* Try it:
Without the images, print every line of the material below exactly as given.

------ Dataset excerpt

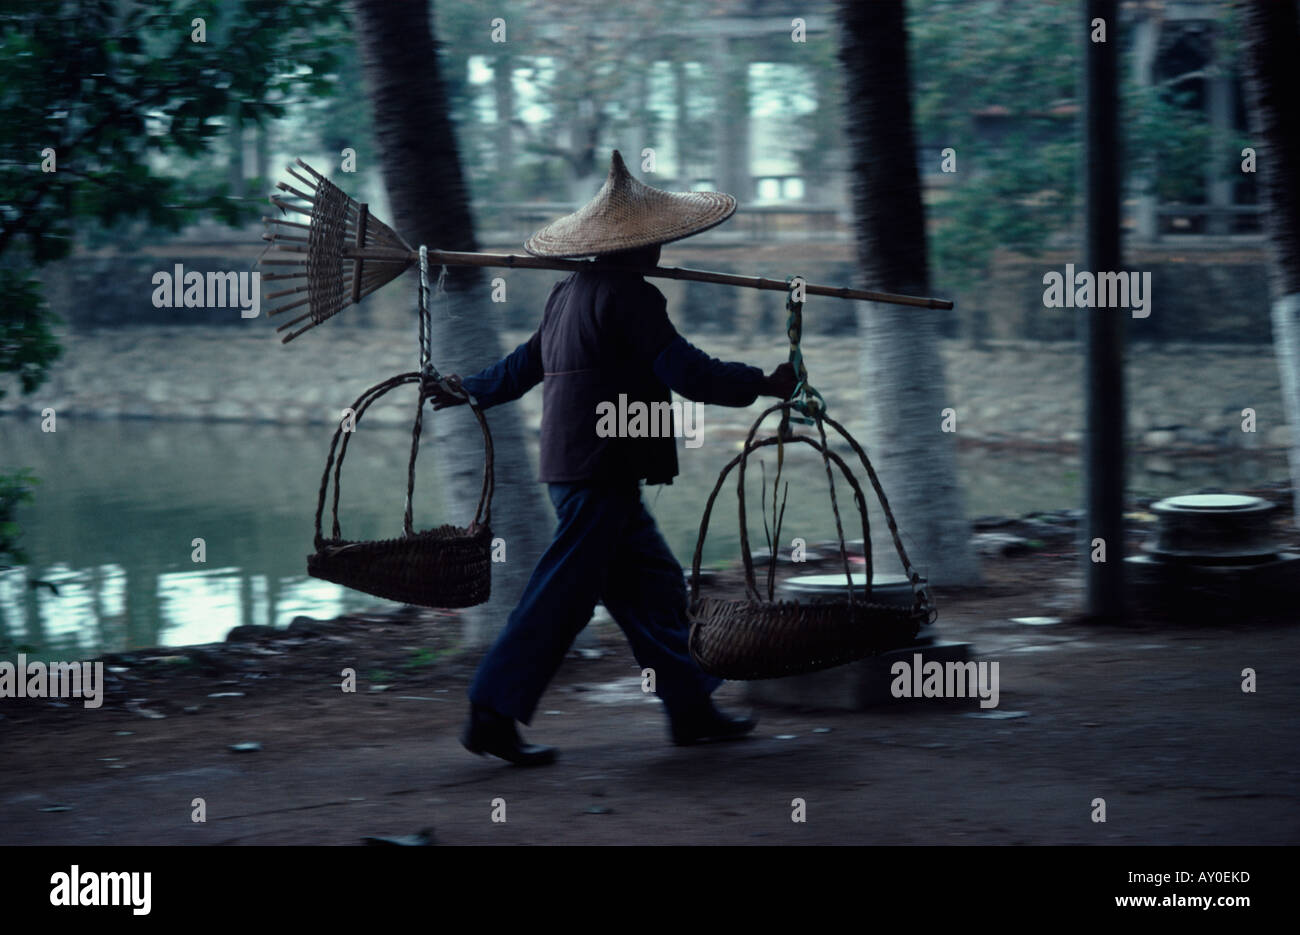 Travailleur chinois portant un large chapeau pointu reed pôle comptable avec deux paniers aux deux extrémités kwangchow chine fareast Asie Banque D'Images
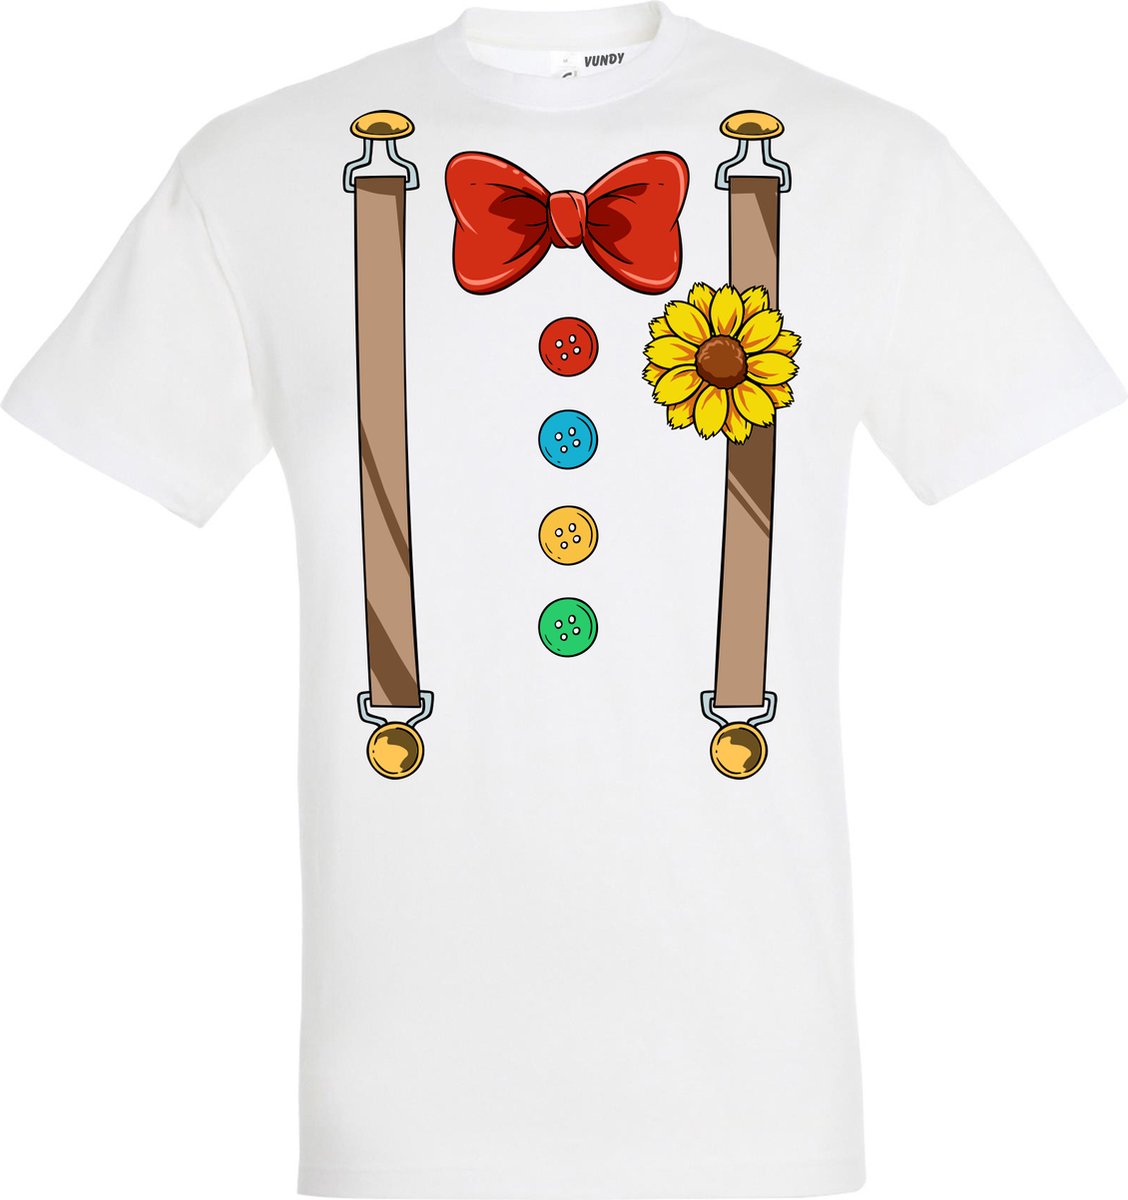 T-shirt Bretels Kostuum | Carnaval | Carnavalskleding Dames Heren | Wit | maat S
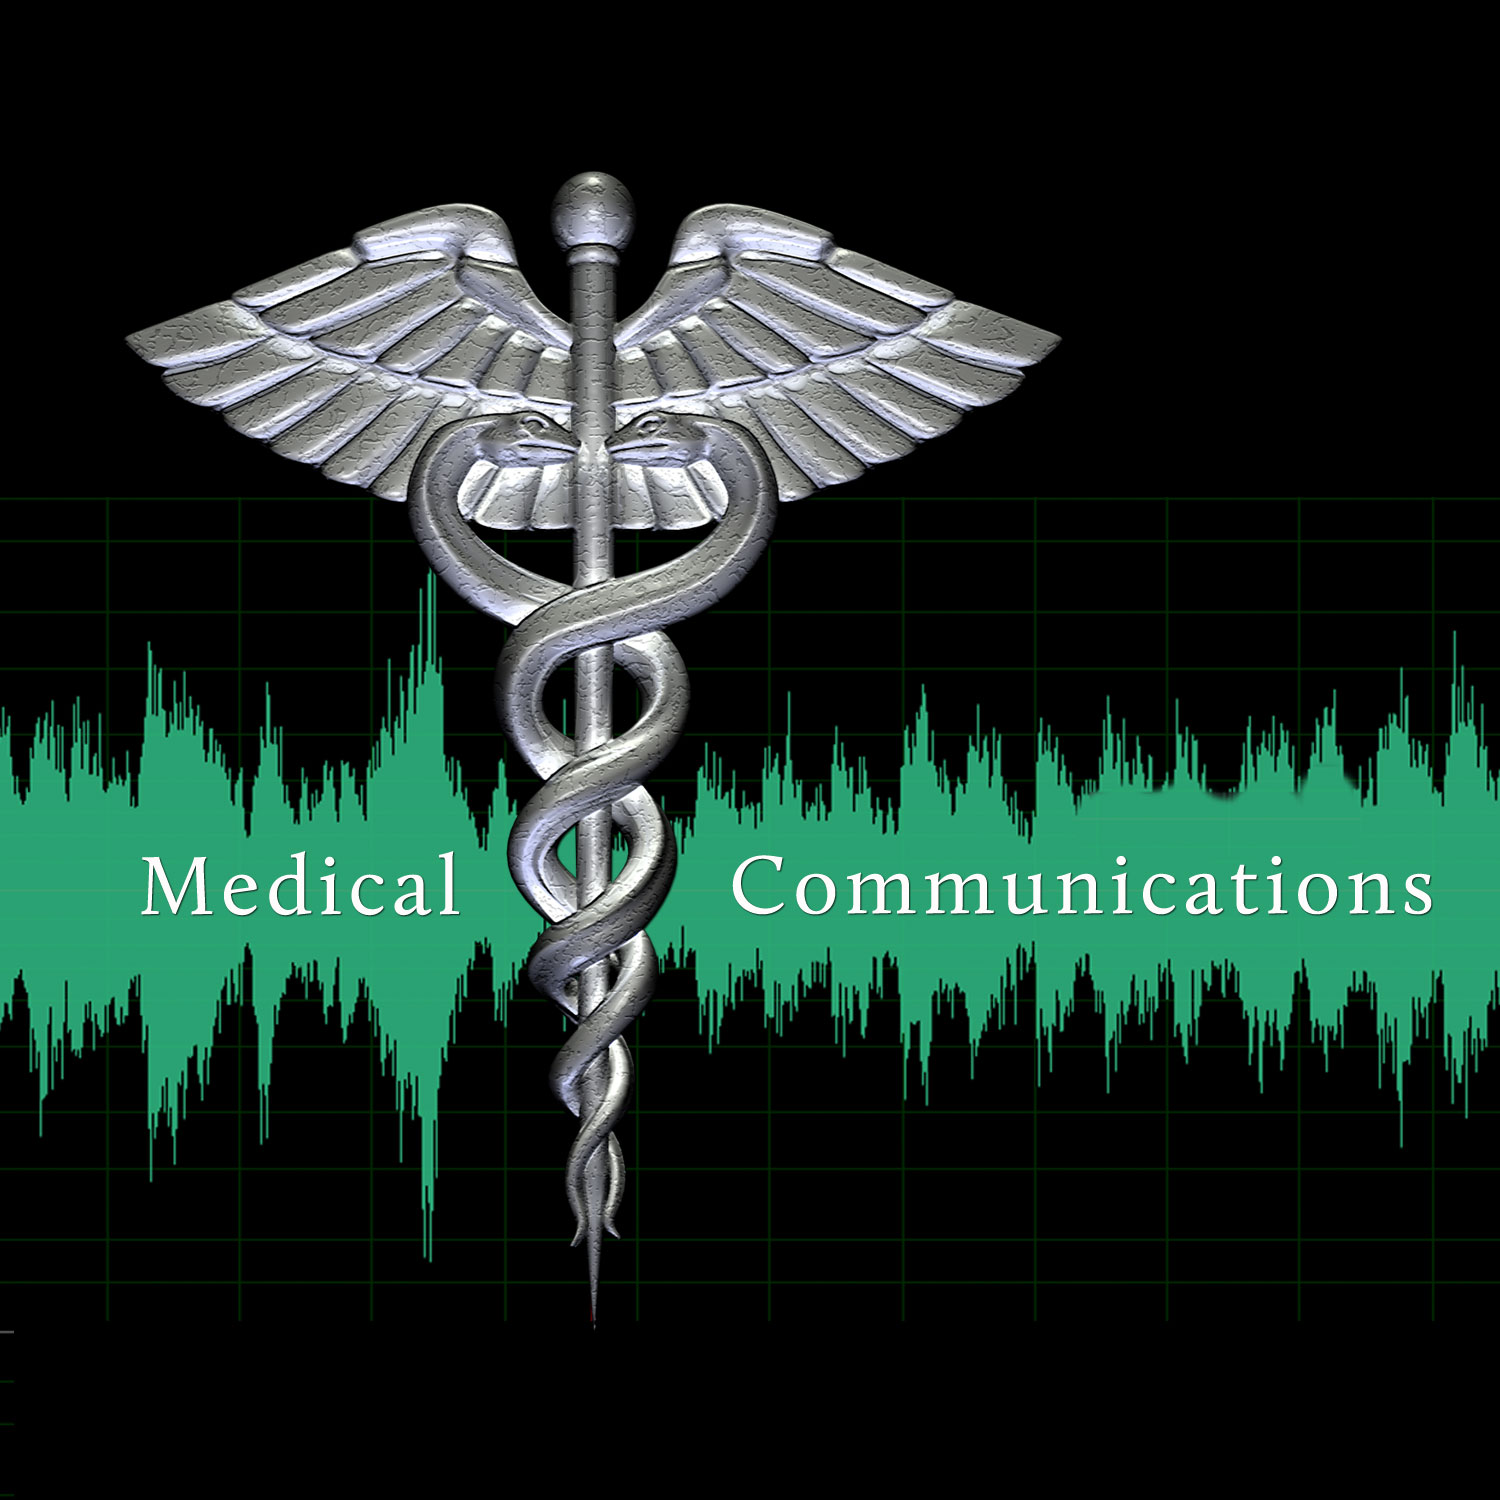 Medical Communications

------------

* Completed exercise:
 Travailleur chinois portant un large chapeau pointu reed pôle comptable avec deux paniers aux deux extrémités kwangchow chine fareast Asie Banque D'Images
 T-shirt Bretels Kostuum | Carnaval | Carnavalskleding Dames Heren | Wit | maat S
 Medical Communications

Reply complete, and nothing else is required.